Neste triste episódio do médium João de Deus, só se ouve, só se colhe e só se vê depoimentos de pessoas que se dizem vítimas do médium. Creio nos seus depoimentos. Mas por que não se colhe, também, depoimentos de pessoas que foram curadas pelo dom deste homem? Pessoas agradecidas pelo bem que ele já fez ao próximo? E mais outra pergunta, de muitas que atravessam minha garganta: por que a Justiça decretou a prisão preventiva (nem provisória é) de João de Deus?

Decretou-se a prisão para investigar depois. Não, não concordo. Se 5% dos depoimentos forem verdadeiros e os crimes não estiverem prescritos e forem corretamente comprovados, ele como pessoa humana é um nojento criminoso abjeto. Cometeu crimes literalmente hediondos e imundos. É um porco. Mas que se dê a ele, mesmo porco, mesmo nojento, mesmo imundo e covarde, que se dê a ele o sagrado direito de defesa.

Sem nunca ter sido ouvido, a Justiça foi logo mandando o ancião para o cárcere. Nem prisão domiciliar teve direito. Nem liberdade vigiada foi-lhe concedida. A ordem é prendê-lo e colocá-lo no xadrez. E já.

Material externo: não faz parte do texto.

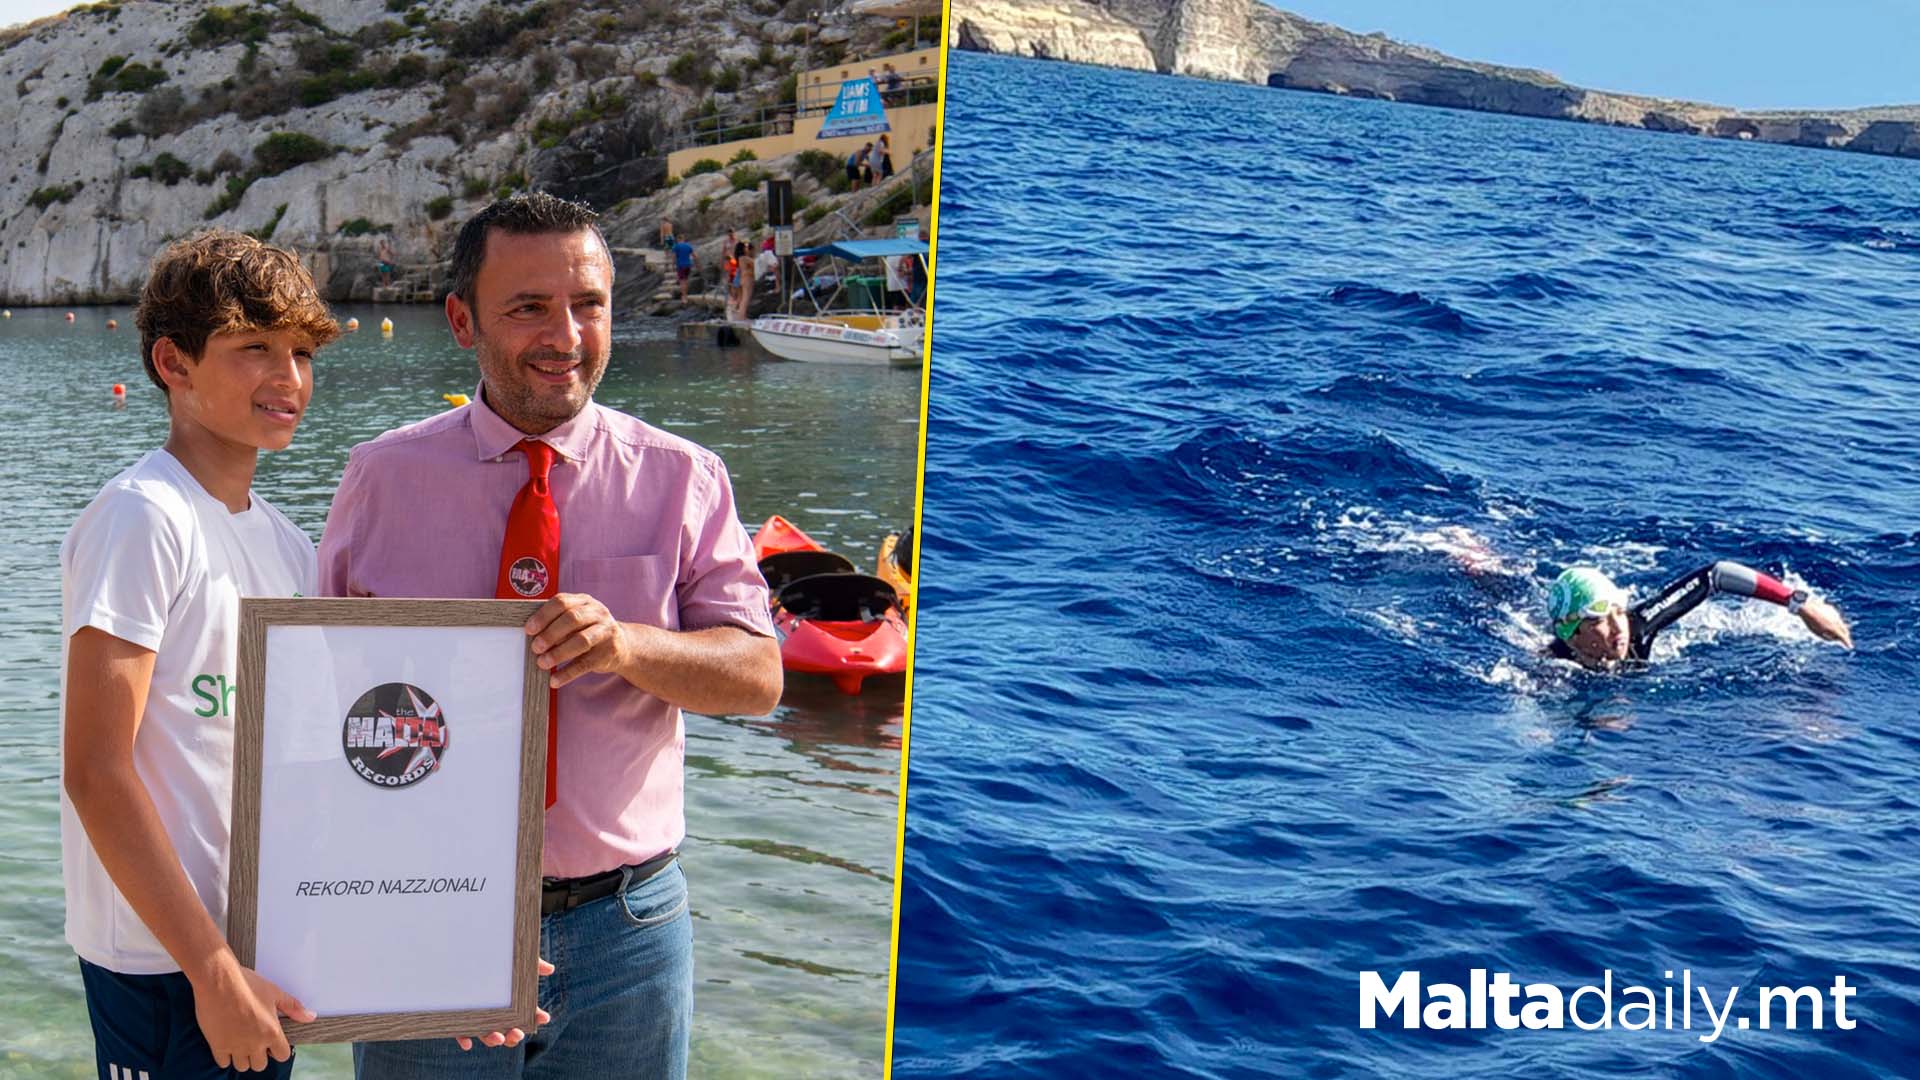 Youngest Maltese To Swim From Malta To Gozo Breaks Record

Prisão preventiva se decreta para garantia da ordem pública (não se tem notícia de que João esteja colocando em risco a ordem pública). Para a garantia da ordem econômica (idem, sem risco algum). Por conveniência da instrução criminal e para assegurar a aplicação da lei quando houver prova da existência do crime e indício suficiente da autoria (artigo 312 do C.Penal).

Então, recorra-se ao bordão "pesos e contra-pesos" e daí o rebate: qual o inconveniente de manter João de Deus em liberdade no curso da investigação, que mal começou? Qual o risco que João de Deus oferece para, no final de um demoradíssimo processo com instrução criminal congestionada e de muitas diligências - e caso venha ser condenado -, João de Deus não cumpra a pena que eventualmente venha-lhe ser imposta?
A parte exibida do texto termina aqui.